◆ Material provided
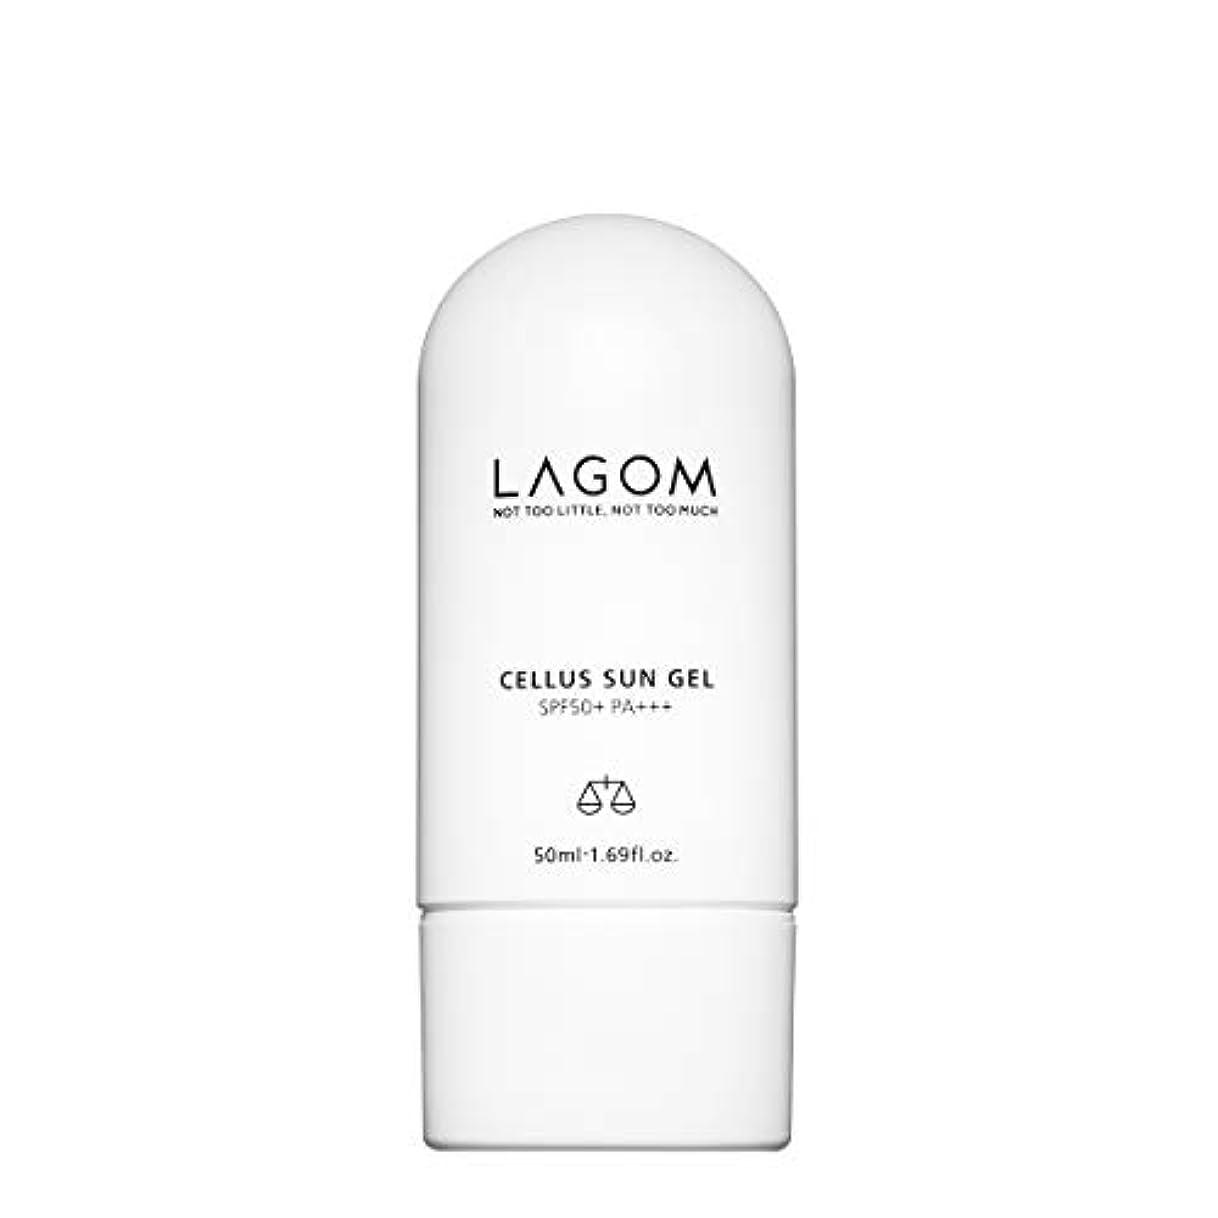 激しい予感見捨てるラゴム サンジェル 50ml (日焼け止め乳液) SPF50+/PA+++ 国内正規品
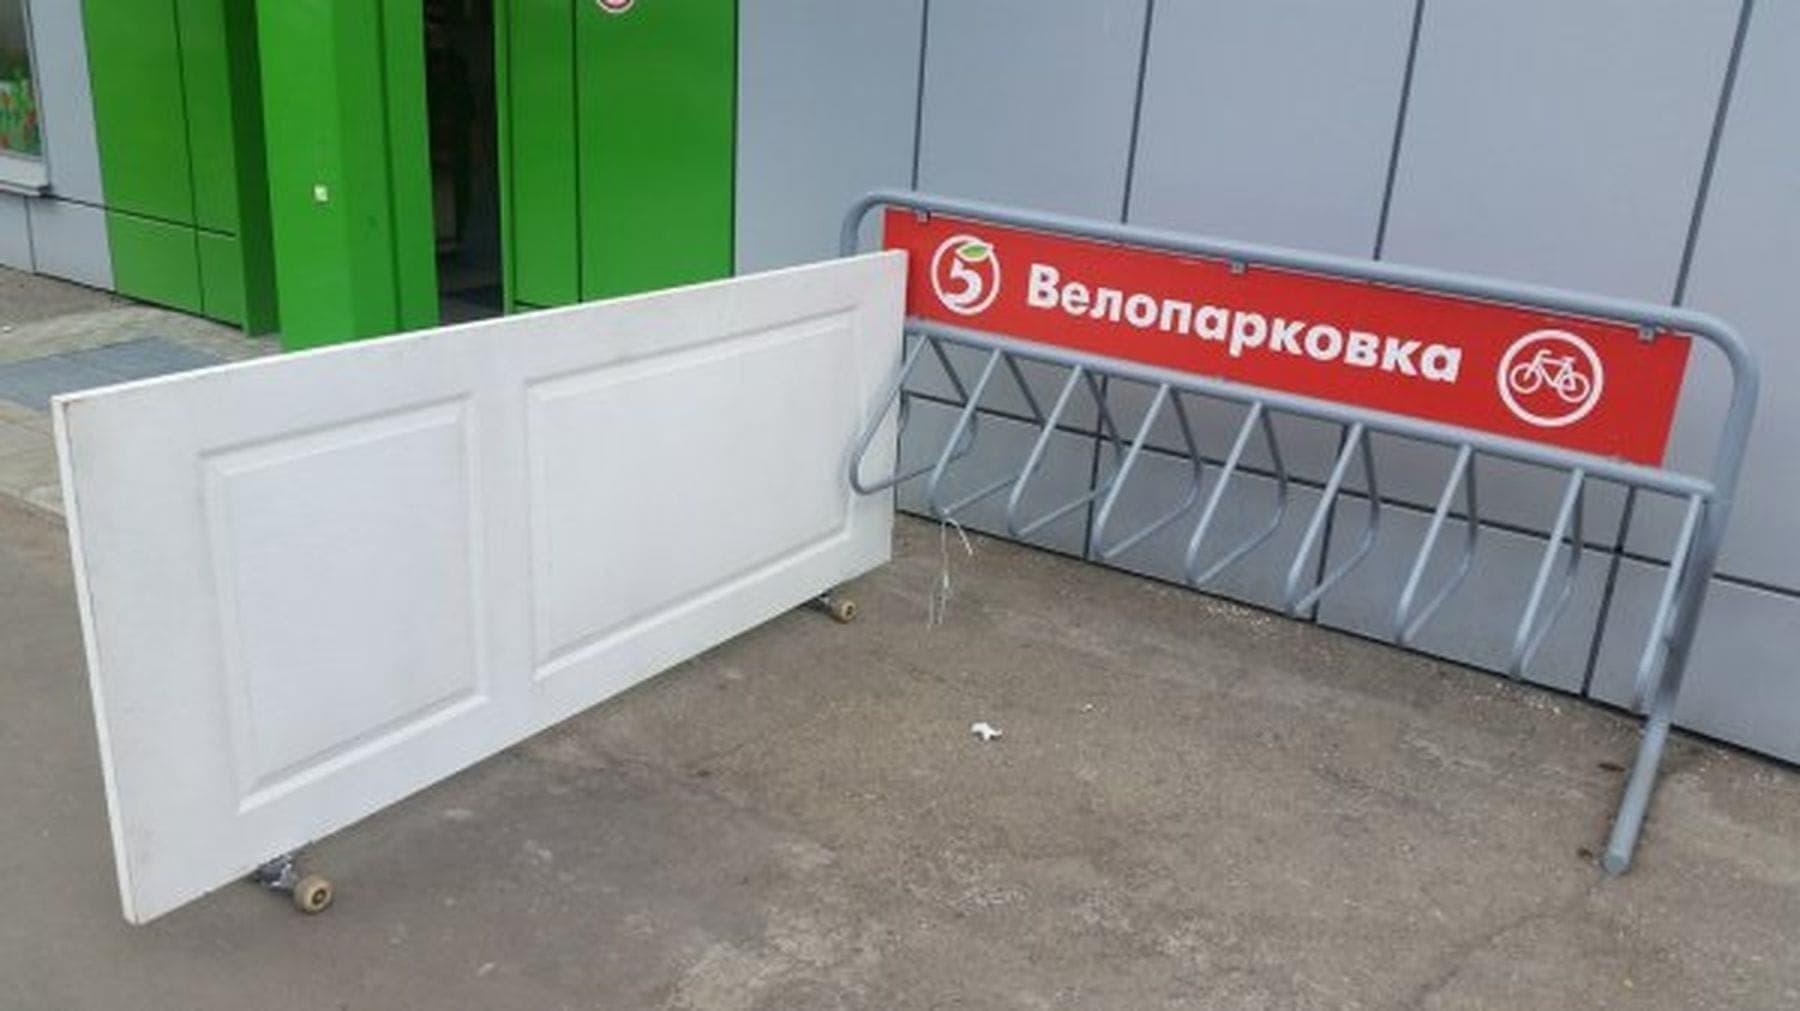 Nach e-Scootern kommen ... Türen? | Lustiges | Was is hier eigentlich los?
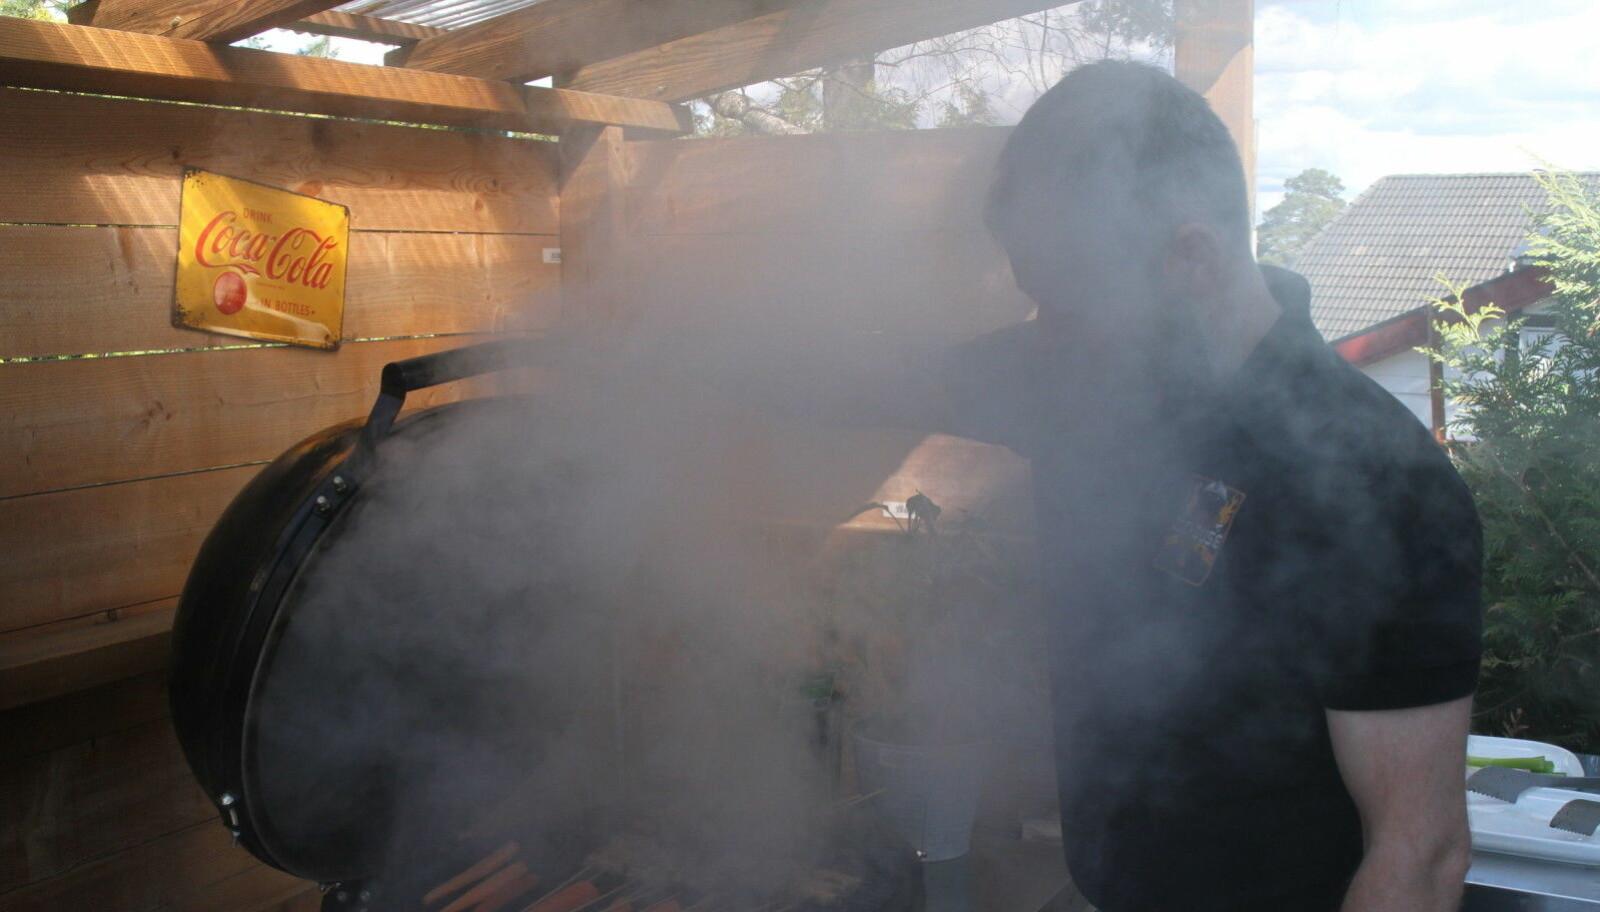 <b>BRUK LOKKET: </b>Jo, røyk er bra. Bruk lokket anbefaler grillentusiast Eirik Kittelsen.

◆ Exercise
Transcribe the whole listing, character for character, but not its images.

◆ Reply to the task
 激しい予感見捨てるラゴム サンジェル 50ml (日焼け止め乳液) SPF50+/PA+++ 国内正規品
 Nach e-Scootern kommen ... Türen? | Lustiges | Was is hier eigentlich los?
 <b>BRUK LOKKET: </b>Jo, røyk er bra. Bruk lokket anbefaler grillentusiast Eirik Kittelsen.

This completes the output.